Financial intermediaries primarily aggregate savings from many households and provide investment capital to firms. In the process financial intermediaries reduce investor risk through knowledge of investment alternatives and portfolio diversification. Intermediaries also adjust for the diverse needs of savers. Households have many different levels of savings and periods of time they are willing to lend their savings. The savers’ time frame and dollar amount preferences are unlikely to mesh with the needs of firms borrowing funds for investment. Financial intermediaries smooth the process of lending and borrowing in financial markets.

Foreign countries, through relationships with U.S. businesses, sell products and services to American consumers and purchase products and services from U.S. firms. Trade balances measure the net impact of exporting and importing in the circular flow model.

Close inspection of a circular flow model shows that for each “real” flow of resources or goods and services, there is an opposite money flow. One of the major roles of monetary policy is to provide the “right” money supply to facilitate exchange of resources and goods in an economy. The “right” money supply is subject to debate and constant change as an economy grows or declines.

As stated earlier, one of the uses of circular flow models is to show how the value of output equals income in an economic system. Measuring either the flow of payments (income) or the value of goods and services (output) results in an estimate of the level of economic activity in an economy (gross domestic product).

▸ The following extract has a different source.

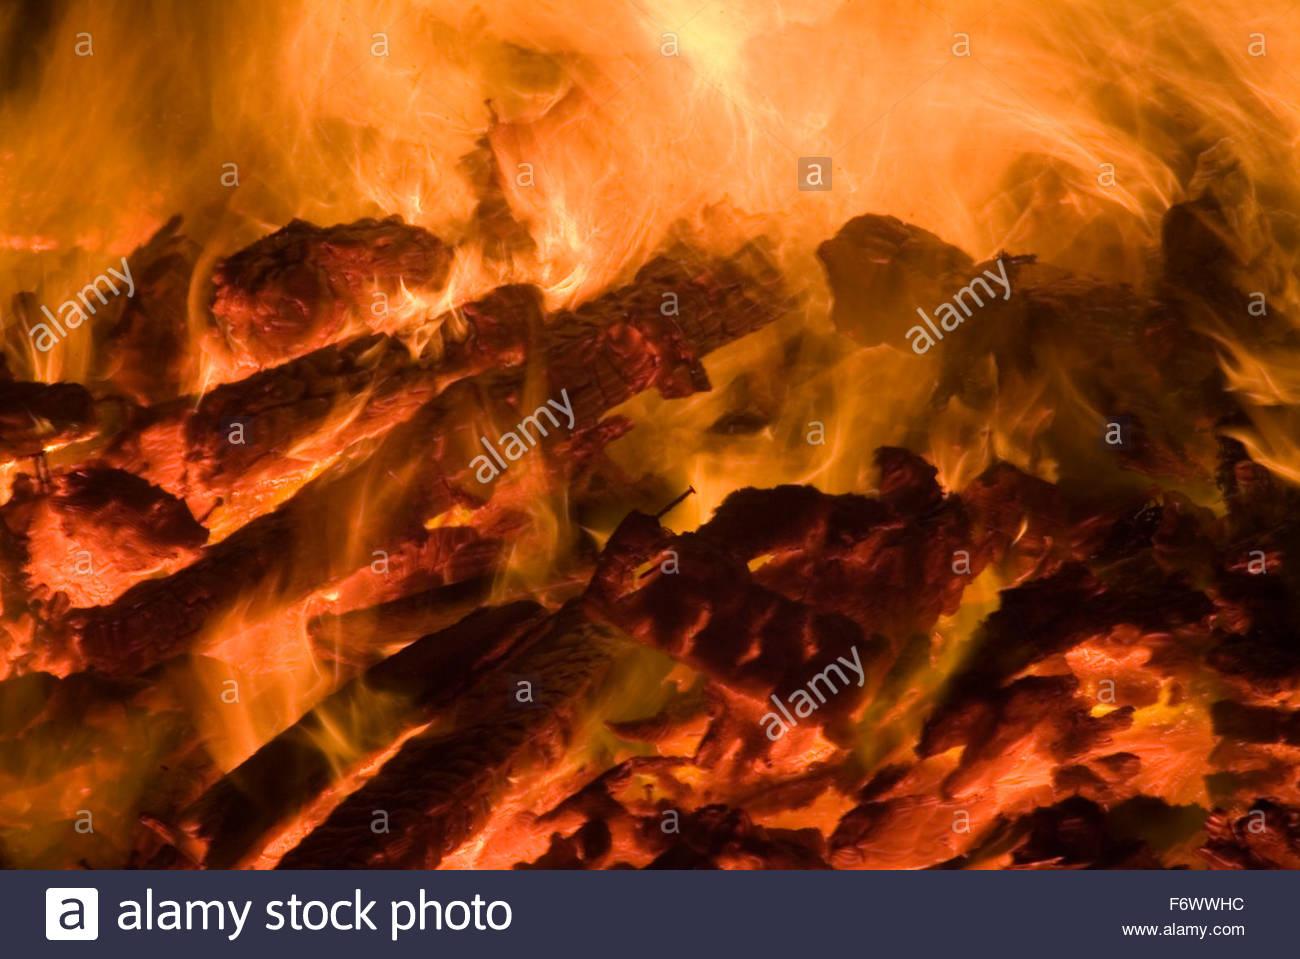 Burning Wood - Stock Image

The circular flow model is analogous to the circulatory system in the human body. In the economy, the efficient flow of money between savers and borrowers is provided by financial intermediation, the process of bringing borrowers and savers together via financial intermediaries. Payments for goods and services (business revenues) flow in one direction, and payments for the factors of production (household incomes) flow in the opposite direction. One’s spending becomes another’s income. In the human body, blood flows from the heart via arteries and to the heart via veins. Just as leakages in the human circulatory system will cause declining performance, leakages in the circular flow model hamper the spending/income process, causing declining economic performance.